Whistle-Blowers May Sue Over Job Discipline, State Court Says

Times Staff Writer

Whistle-blowers are not only protected by law from being fired but may sue their employers if they believe that they have been unfairly disciplined, a state Court of Appeal ruled Tuesday.

In the first ruling of its kind in California, the 4th District Court of Appeal in Santa Ana reinstated the claims of two Rockwell International Corp. employees who allege that they were suspended without pay after reporting fraudulent billing on federal contracts to investigators for the National Aeronautics and Space Administration.

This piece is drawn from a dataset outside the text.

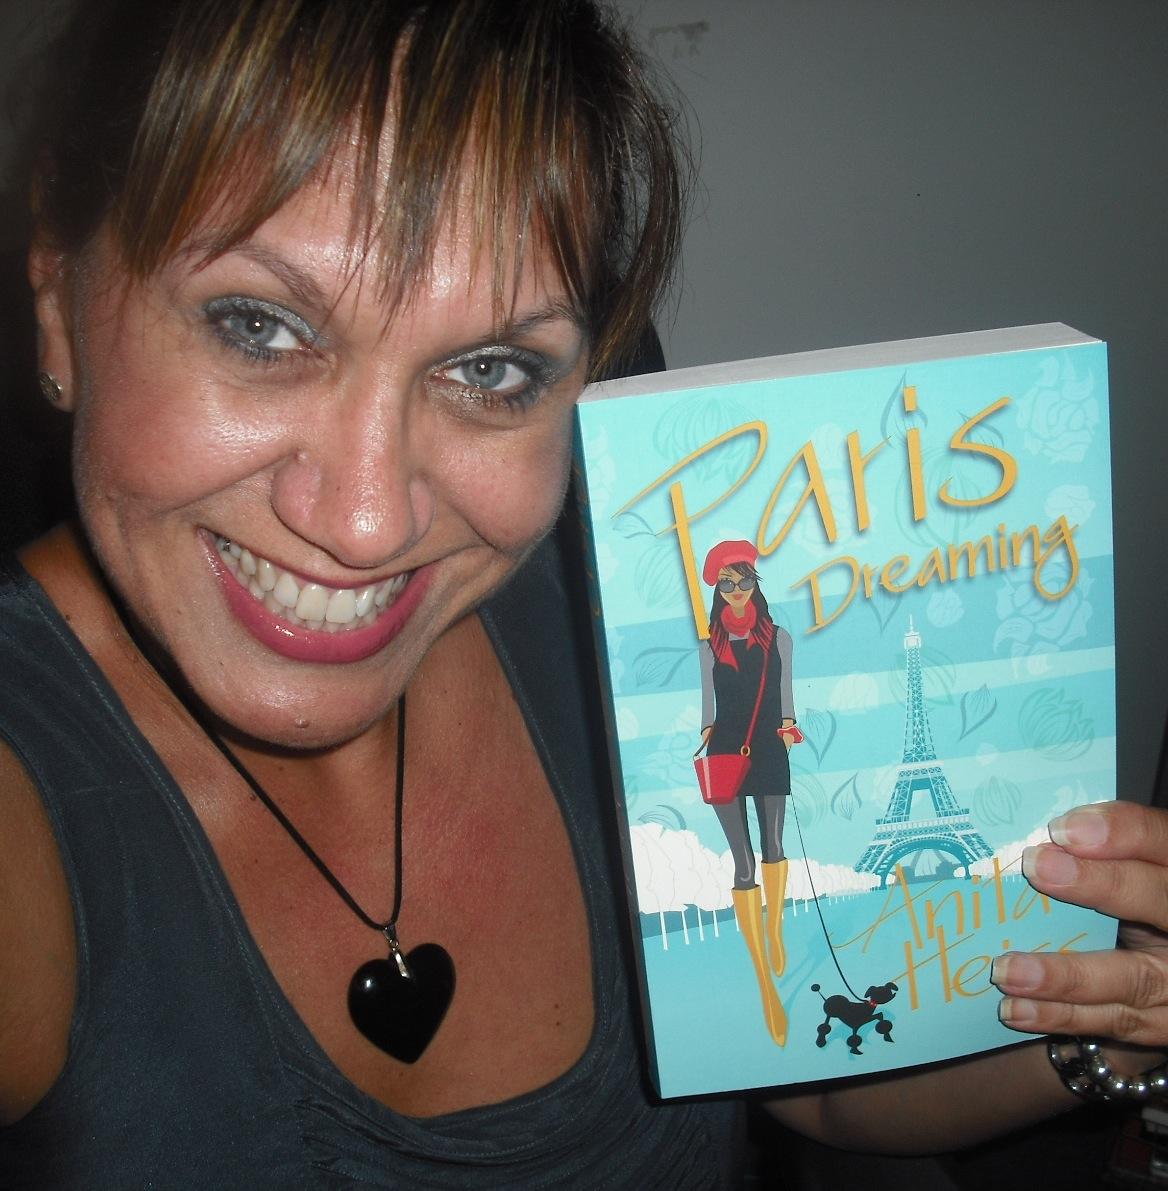 Anita Heiss Blog Paris Dreaming Has Arrived border=
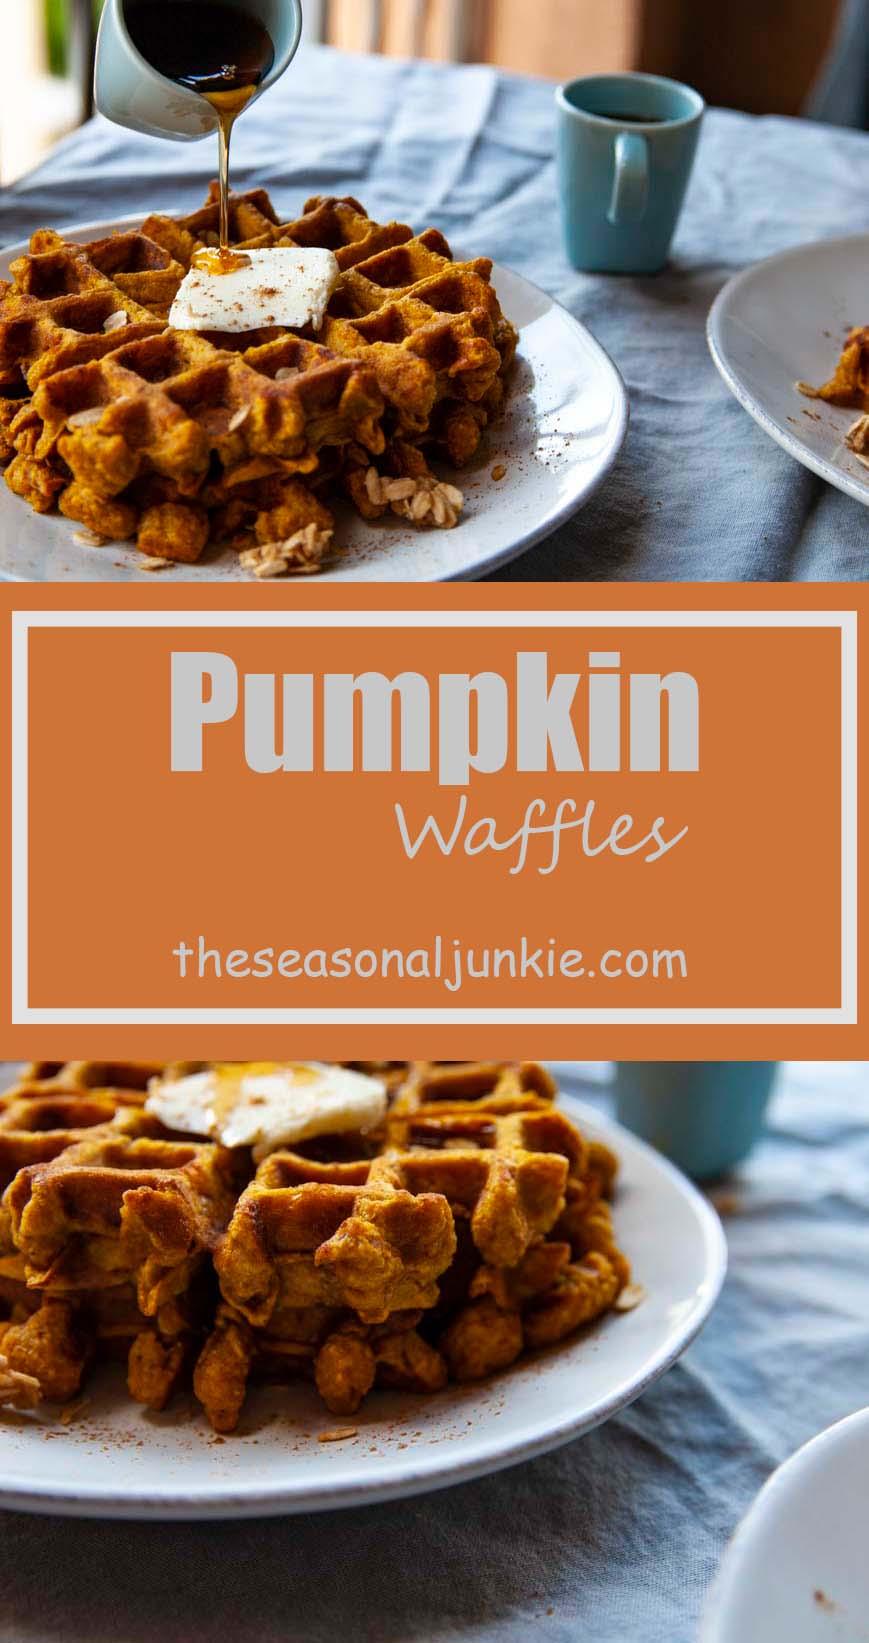 Pumpkin Waffles The Seasonal Junkie

Rockwell’s lawyers plan an appeal. They said the decision could have profound implications in the non-union workplace in California, raising the possibility of virtually every management decision on the terms and conditions of employment becoming subject to review by juries.


“We do not believe there is precedent, whether in California or any other state, for the result reached,” said attorney Robert S. Warren of the law firm of Gibson, Dunn and Crutcher, which represented Rockwell. “If there is, we haven’t found it, nor have our opponents--nor has the court.”

The opinion, written by Justice John K. Trotter Jr., reinstated the two Rockwell supervisors’ lawsuits, which a trial judge had thrown out of court in 1984. By law and under previous court rulings, employers may not terminate workers who refuse to engage in illegal activity, Trotter wrote.

“The same wrongful conduct is involved whether the retaliation inflicted is a six-month suspension without pay or a discharge,” the opinion said.

Reasoning that any employer wishing to retaliate against an employee could avoid a lawsuit by suspending rather than terminating him, Trotter wrote: “Accordingly, we hold that an employee can maintain a tort claim against his or her employer where disciplinary action has been taken against the employee in retaliation for the employee’s ‘whistle blowing’ activities, even though the ultimate sanction of discharge has not been imposed.”

Joe A. Garcia and Delfino E. Ariaz claimed that they told NASA investigators they had complied with orders from a supervisor to falsely bill work done on an Air Force satellite to a NASA space shuttle contract.

The satellite contract was for a fixed price, and the shuttle work was paid by NASA on a “cost-plus” basis, a complex formula that covered costs plus profit.

Each claimed that he was suspended without pay from a Rockwell facility in Seal Beach for six months in 1980, then offered a transfer to a non-supervisory position at another facility at lower pay.

Lawyers for the aerospace firm argued that the two were suspended not in retaliation but because they admitted to having personally engaged in false billing.

“There is no direct evidence either that Rockwell disciplined Garcia for cause because he mischarged or that Rockwell disciplined Garcia in retaliation for revealing the mischarging at Rockwell to NASA,” Trotter wrote in his opinion. “Both conclusions are, however, reasonable, albeit conflicting, inferences from the facts proved.”

The evidence should be presented to a jury, the court ruled.

In 1982, Rockwell paid more than $500,000 to the federal government to settle a suit in which it was accused of inflated billing. In the settlement with government auditors, Rockwell also agreed to tighten internal controls but admitted no misdeeds.

The settlement followed an 18-month federal grand jury investigation into inflated labor cost claims on space shuttle work. Federal prosecutors said they lacked sufficient evidence to prove criminal violations.

That settlement covered Rockwell facilities in Downey, Palmdale and Seal Beach.

Rockwell’s attorney scoffed at the characterization of Garcia and Ariaz as “whistle-blowers.”

“They were just two fellows who said, ‘We were told to mischarge, and we did some mischarging,’ ” Warren said. Subsequent company investigations failed to confirm the claims, Warren said.

“The company tried to do what was right, to show it didn’t condone mischarging. On the other hand, it’s very difficult talking about firing people when you don’t think they did it,” Warren said.

Warren said the decision could throw open courthouse doors in any of the “innumerable ways in which an employee may be dissatisfied by a management decision.”

California courts are considered to be in the forefront of a national trend toward greater protection for workers without written contracts, without unions and without statutory protections.

The blossoming of worker rights has led to decisions finding, for instance, that workers of long tenure with good records may not be fired without “just cause.”

In a series of cases beginning with a 1980 California Supreme Court decision, legal protections have been extended to employees through a doctrine involving a “covenant of good faith and fair dealing” that California courts read into almost every employment relationship. Breach of the covenant may result in a right to compensatory and punitive damages.

Decisions in the last six years have extended protection to workers far beyond the occasional case of an employer ordering a worker to engage in an illegal activity. The 1980 case that began the trend gave a worker who refused to engage in illegal price fixing the right to sue over being fired.

Concurring in the decision Tuesday were Justices Edward J. Wallin and Sheila P. Sonenshine.